» INSTRUCTIONS TO FOLLOW: Write out again, exactly, the lines below starting at the one with "#021 Film per" and ending at the one with "Hôtel Barrière Le".
─── EXTRACTED DATA
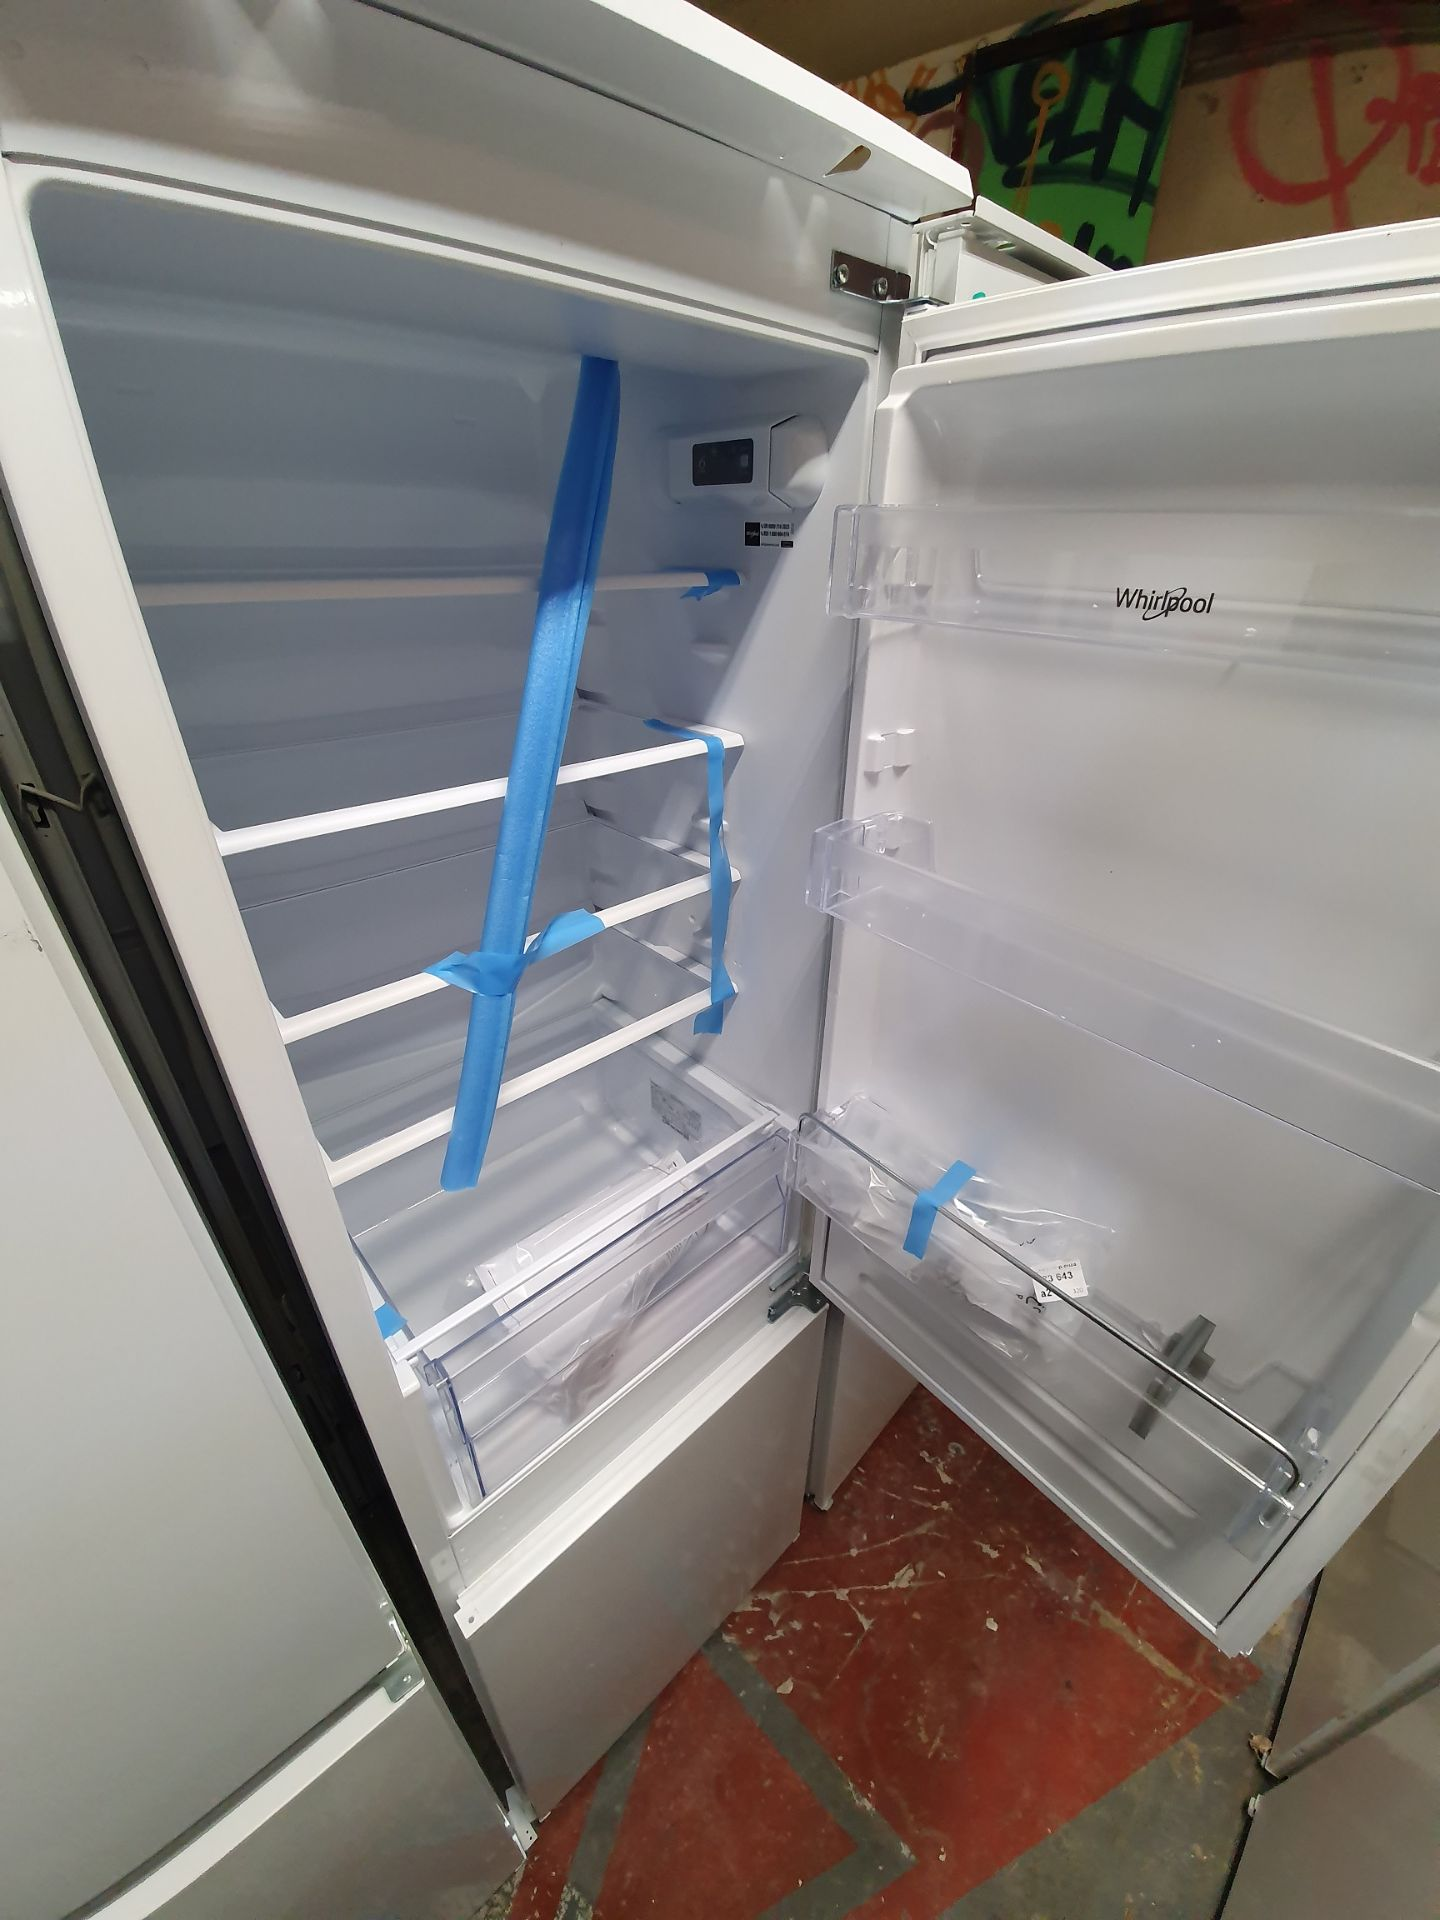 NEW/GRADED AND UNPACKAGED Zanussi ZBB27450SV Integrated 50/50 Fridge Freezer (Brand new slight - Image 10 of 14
──────
─── EXTRACTED DATA
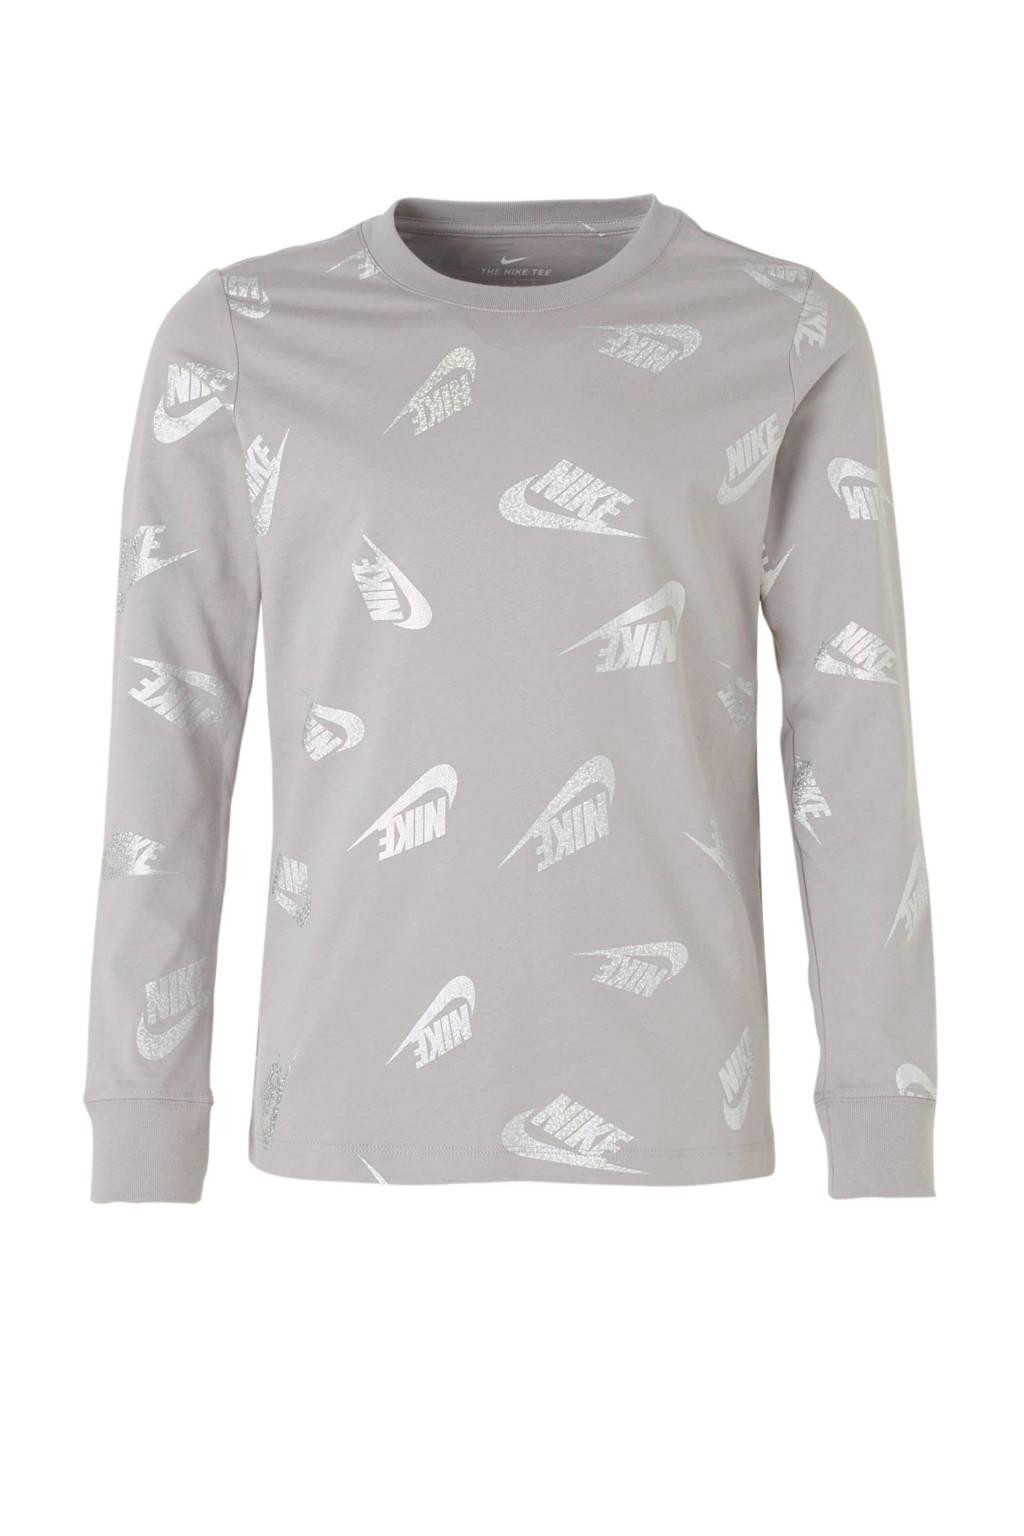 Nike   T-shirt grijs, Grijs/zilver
──────
─── EXTRACTED DATA
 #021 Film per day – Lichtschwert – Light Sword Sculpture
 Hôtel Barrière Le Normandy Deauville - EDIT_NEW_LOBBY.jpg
──────
» SOLVED PROBLEM:
 #021 Film per day – Lichtschwert – Light Sword Sculpture
 Hôtel Barrière Le Normandy Deauville - EDIT_NEW_LOBBY.jpg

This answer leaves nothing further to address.